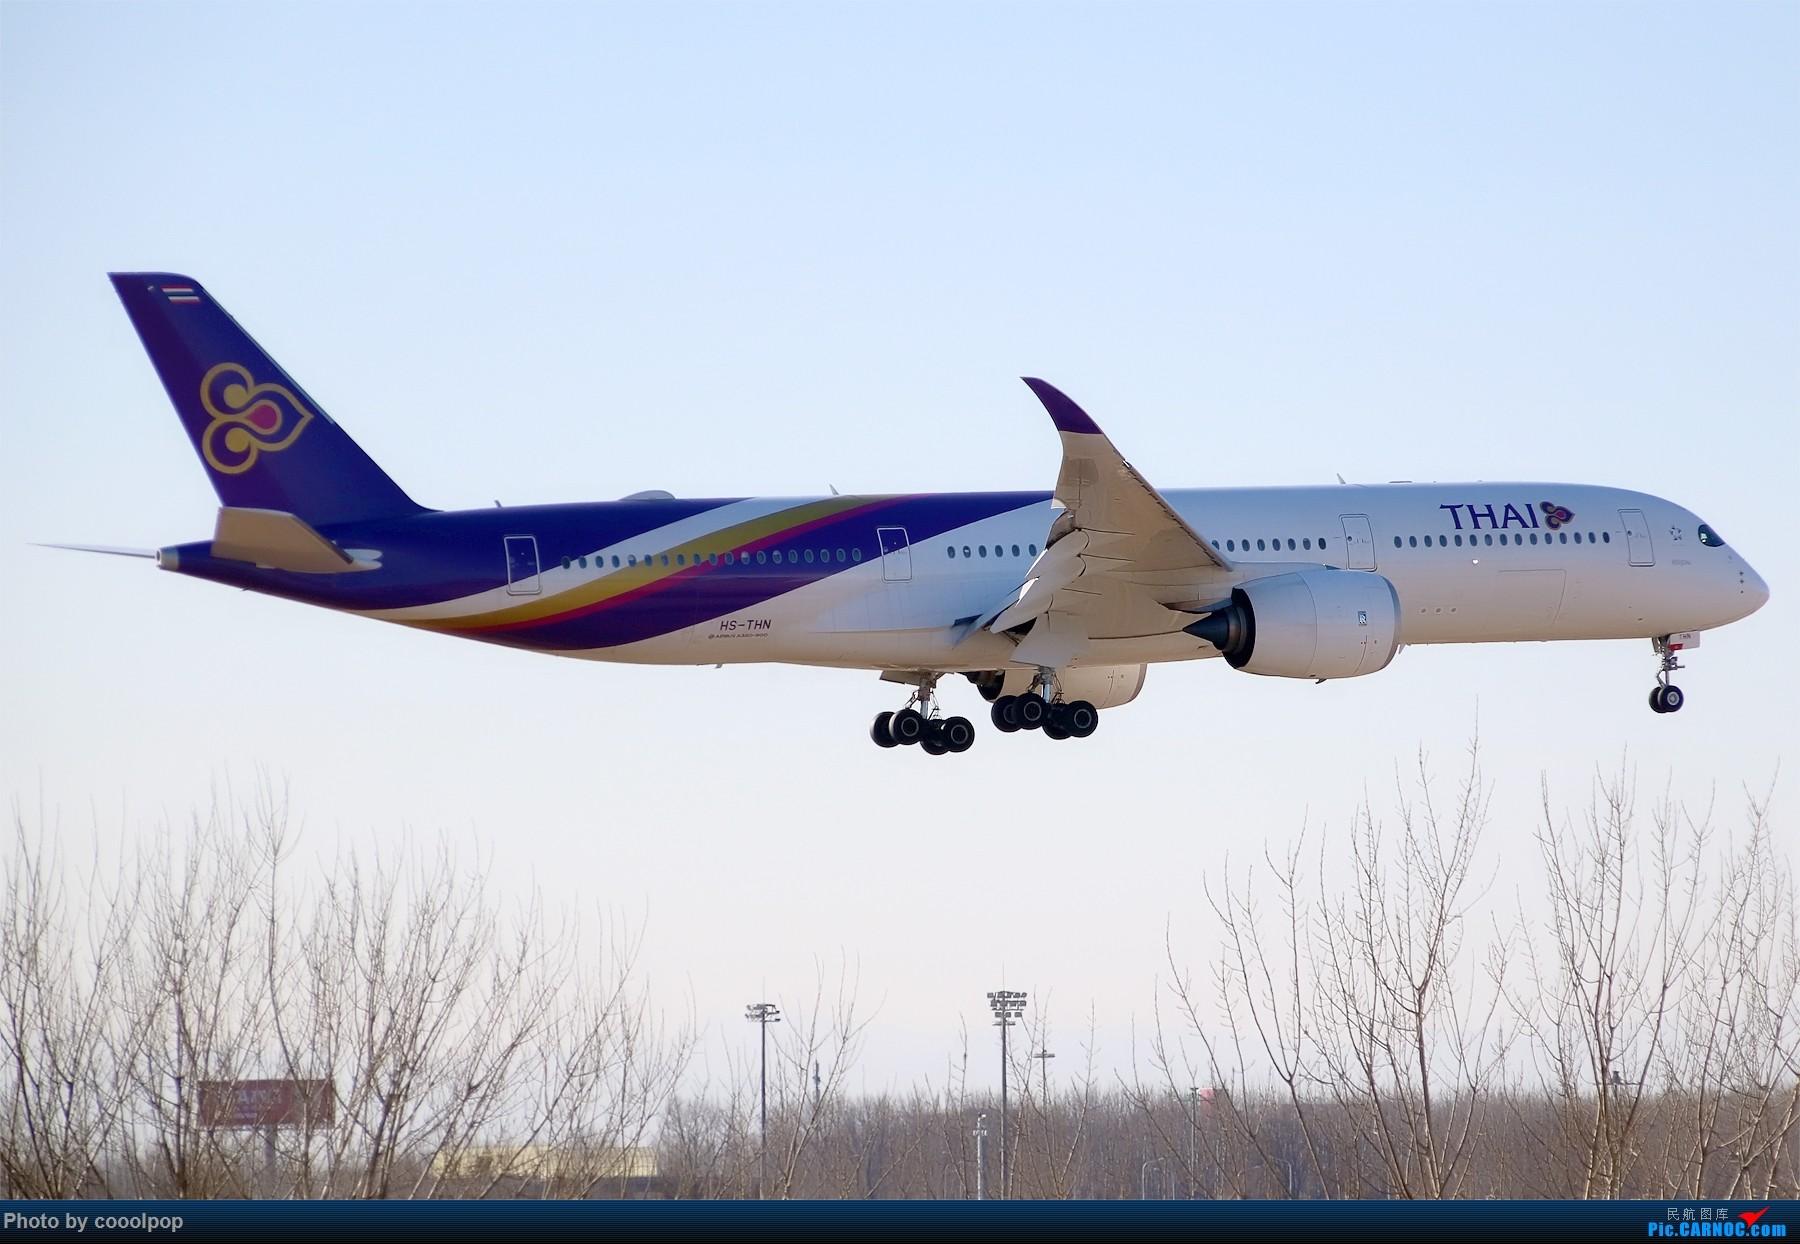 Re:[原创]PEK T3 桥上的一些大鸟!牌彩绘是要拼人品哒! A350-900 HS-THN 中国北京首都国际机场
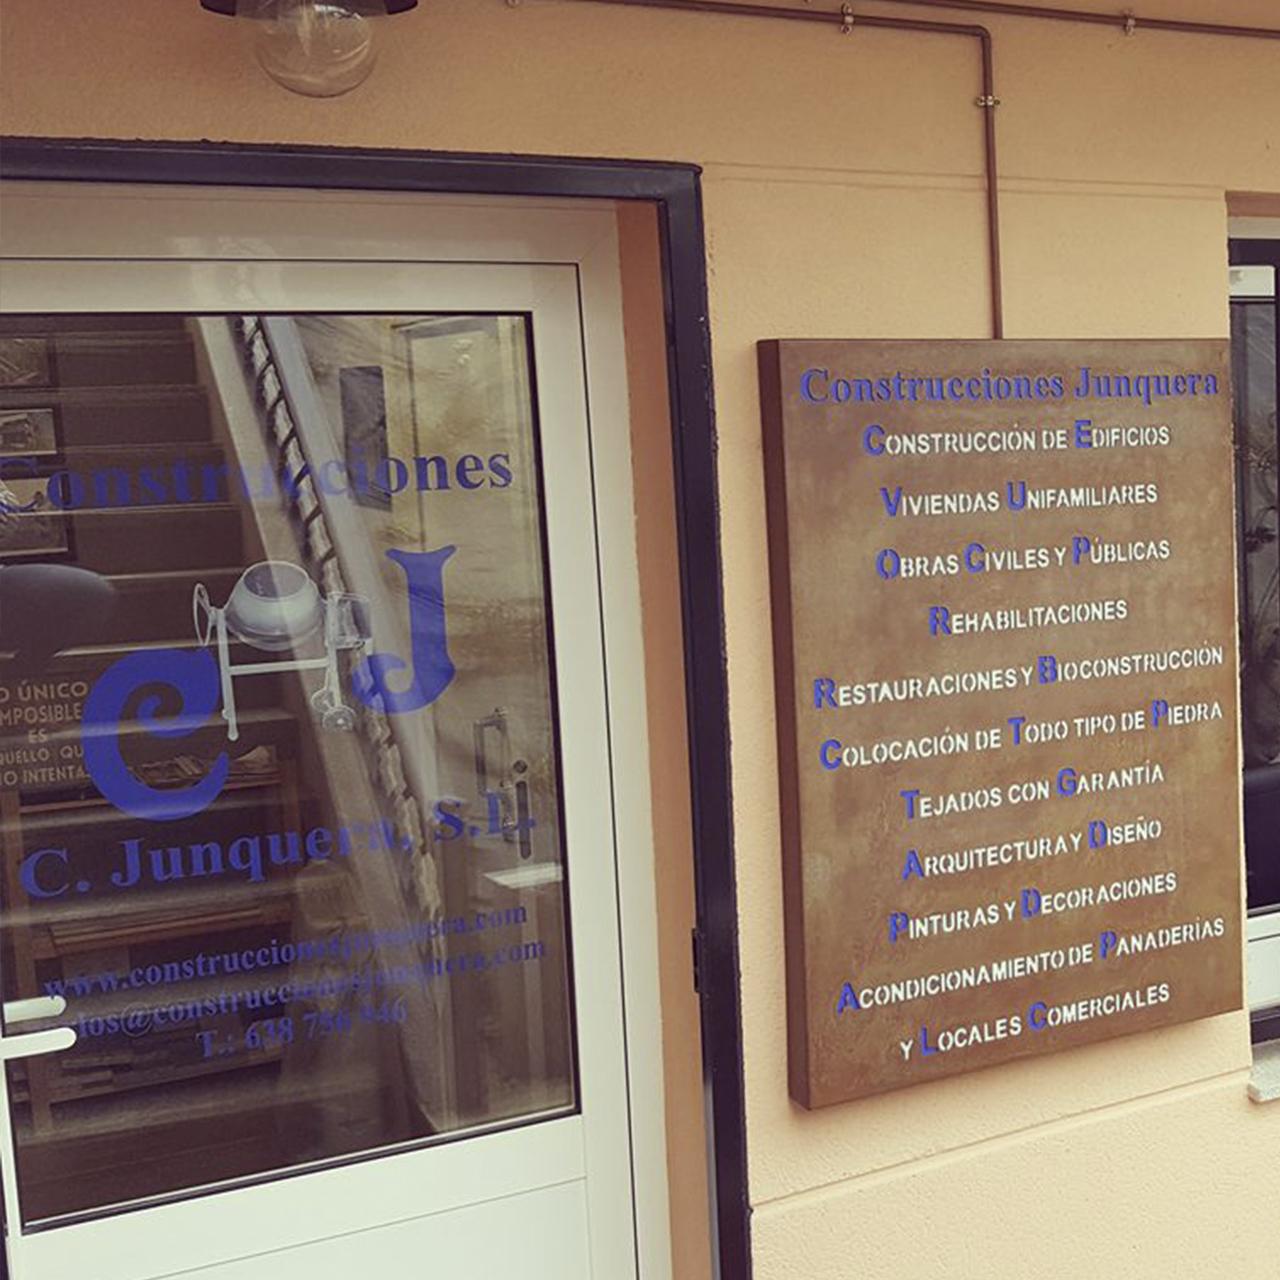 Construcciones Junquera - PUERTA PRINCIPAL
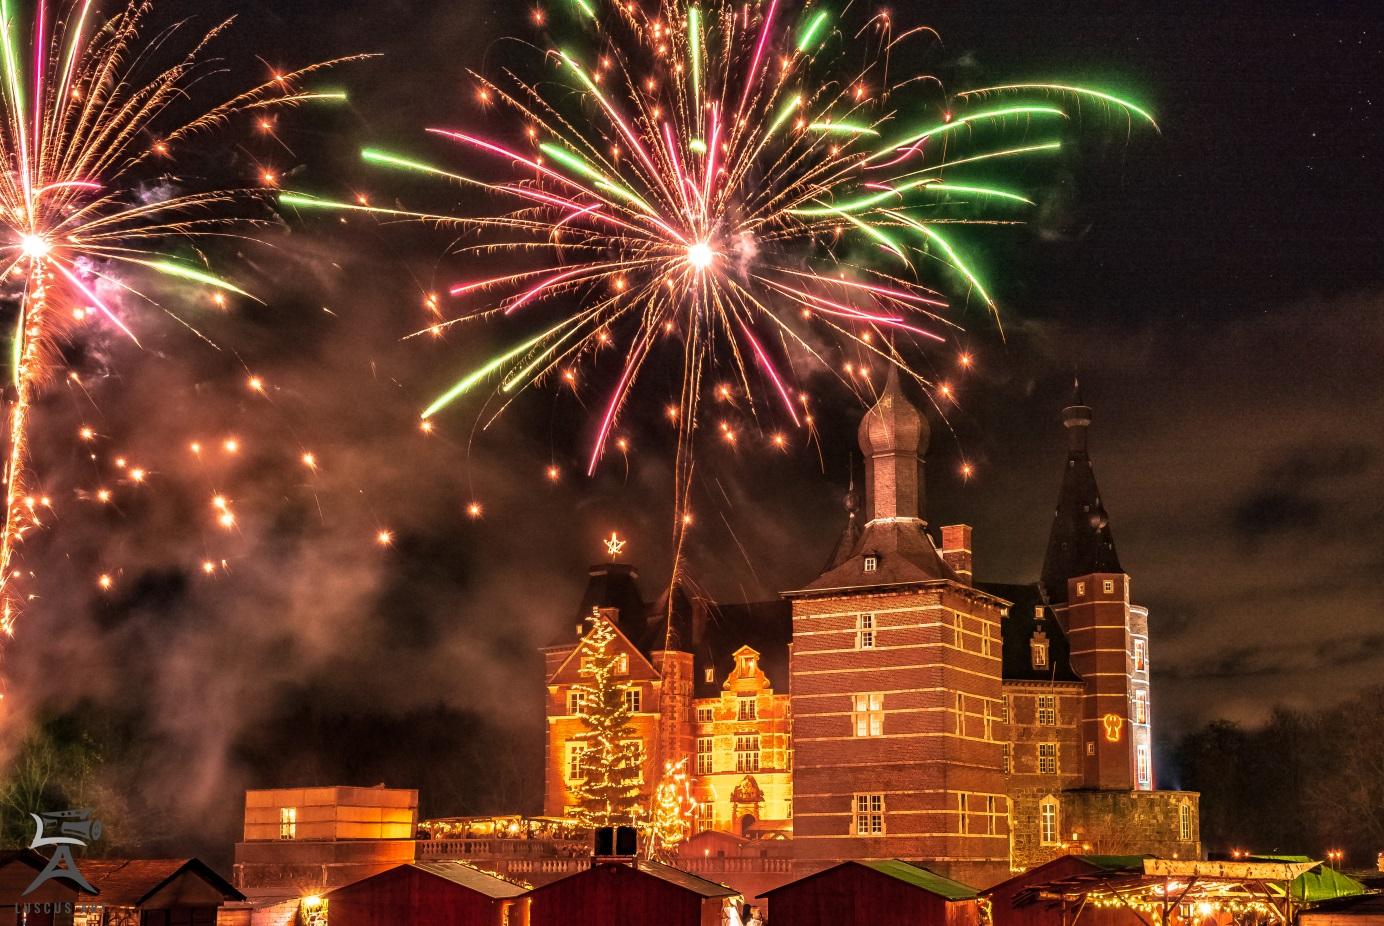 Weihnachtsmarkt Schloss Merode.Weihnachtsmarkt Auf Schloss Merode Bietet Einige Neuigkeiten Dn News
____________________
Work to be completed:
Please repeat every line of the material above exactly and without its pictures.

Result of this exercise:
 Re:[原创]PEK T3 桥上的一些大鸟!牌彩绘是要拼人品哒! A350-900 HS-THN 中国北京首都国际机场
 Construcciones Junquera - PUERTA PRINCIPAL
 Weihnachtsmarkt Schloss Merode.Weihnachtsmarkt Auf Schloss Merode Bietet Einige Neuigkeiten Dn News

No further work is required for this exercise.